John’s home, specifically his bedroom, was the most moving part of the tour. John had quite a tragic childhood, abandoned by his mother and father after his father tried kidnapping him, raised by a snobby, serious aunt and a nurturing uncle who died when he was 13. He found out his mother lived near him in his teens and began spending time with her until she was hit by a car and killed leaving Aunt Mimi’s home. There was a letter from Yoko on his bed about how he described his childhood in this home as good despite the tragedies. There were issues of The Daily Howl, the cartoon newspaper he produced at school on his desk. The weight of John’s emotions and dreams were felt.

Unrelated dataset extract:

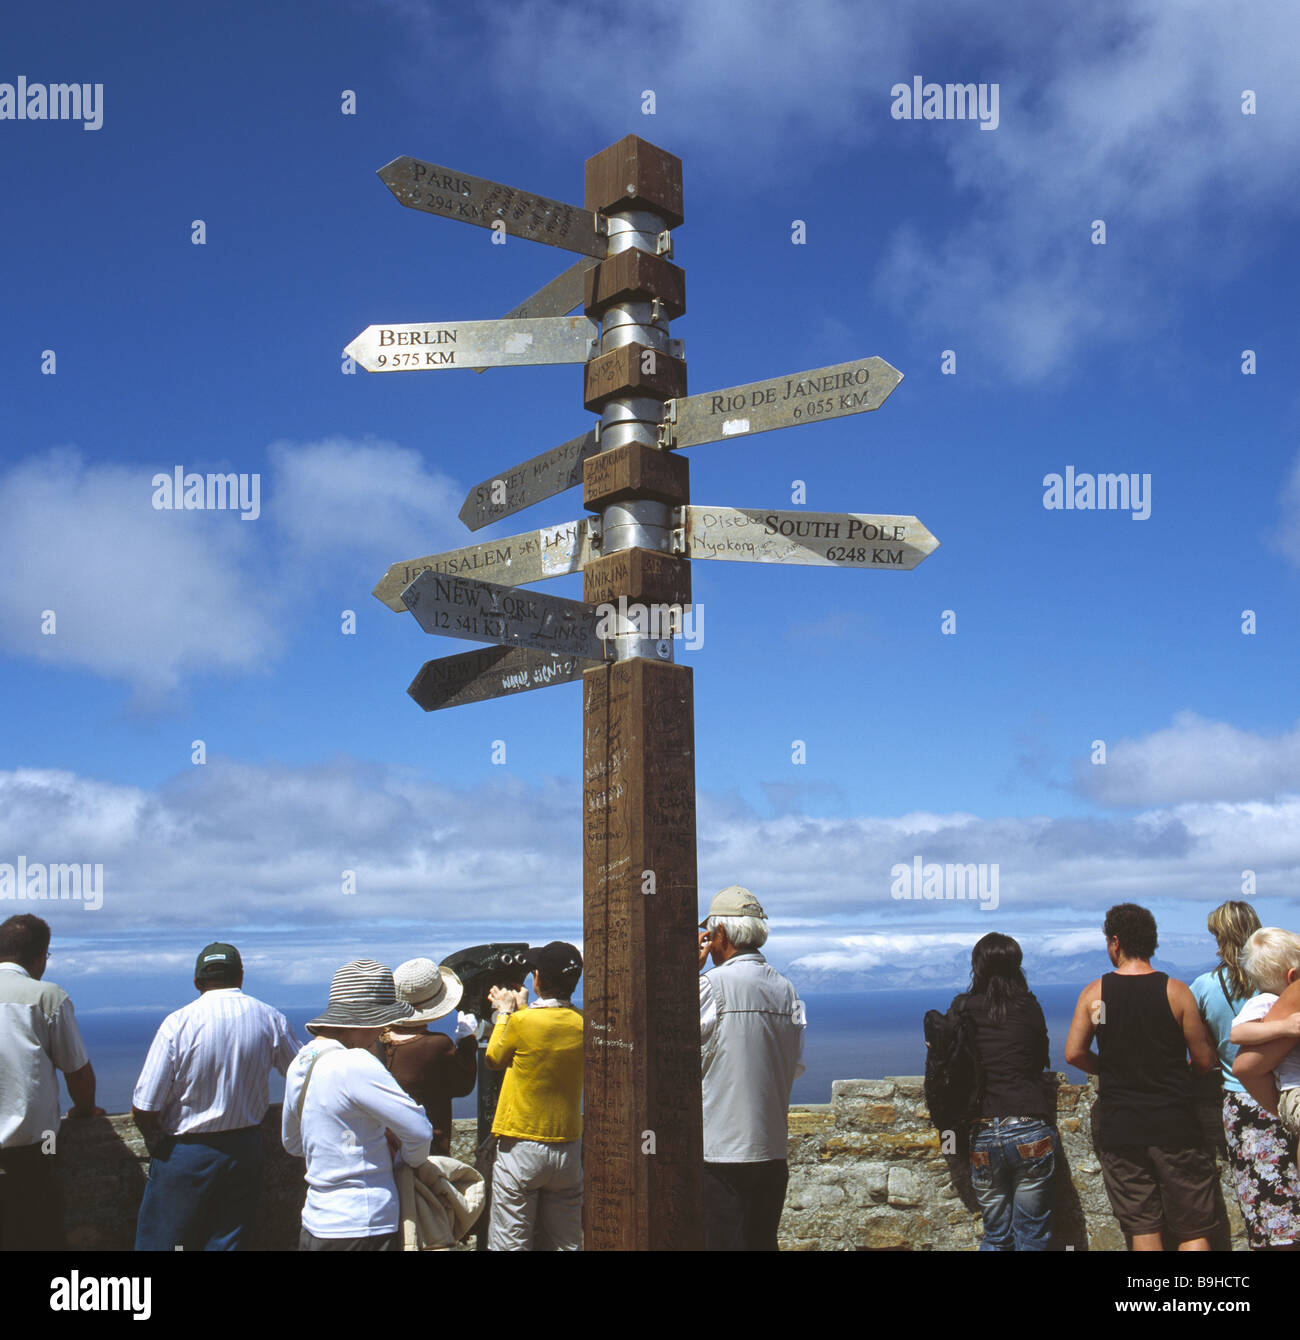 Südafrika-Westkap Touristen anzeigen Wegweiser, dass Afrika Menschen Tourismus Reiseziel Reiseziel Aussichtspunkt Blick auf Himmel schaut Stockfoto

Paul’s home had its own share of sadness. His mother died of breast cancer when he was 14. Paul’s younger brother Mike is an amazing photographer and photos from their childhood and early Beatles are in the house. One photo shows Paul and John sitting together with their guitars and a pad of paper on the floor between them with scribbles and cross outs of the song they are writing: I Saw Her Standing There. In 1960, John, Paul, and George recorded some songs in the living room and I have a copy of them. I asked if I could play them in the room. It was great to connect the music to the space.
3. The Casbah Coffee Club. I never realized it was actually the cellar of the Best family home. The family bought this big home and the mother, Mona, needed more money, so she turned the large basement into a coffee house and music club. Her son Pete was the Beatles’ drummer from 1960 to 1962. Her son Rory gave me the one-on-one tour in his original Beatles t-shirt with photos of John, Paul, George, and Pete. This was an experience as he showed me where the Quarrymen – pre-Beatles – played with a giant photo of the teenage John, Paul, and George with their guitars. Then he showed me the stage where the Beatles would play to hundreds of youth who’d fill every nook and cranny of the club. Rory was in his teens then and would serve coffee and showed me where John’s wife painted a silhouette of him and where John and original member Stu Sutcliffe used to hang out. I bought a drumstick signed by Pete as a souvenir. It was awesome to imagine this dank, dark basement filled with smoke, coffee, and sodas back in the day. The other highlight here are handwritten bios written probably in 1961 by John, Paul, George, and Pete.
Walking along the Mersey River after the Beatles Experience museum, I pinched myself a little. Seeing all of these places and knowing the stories of the people and the songs made this a truly magical tour.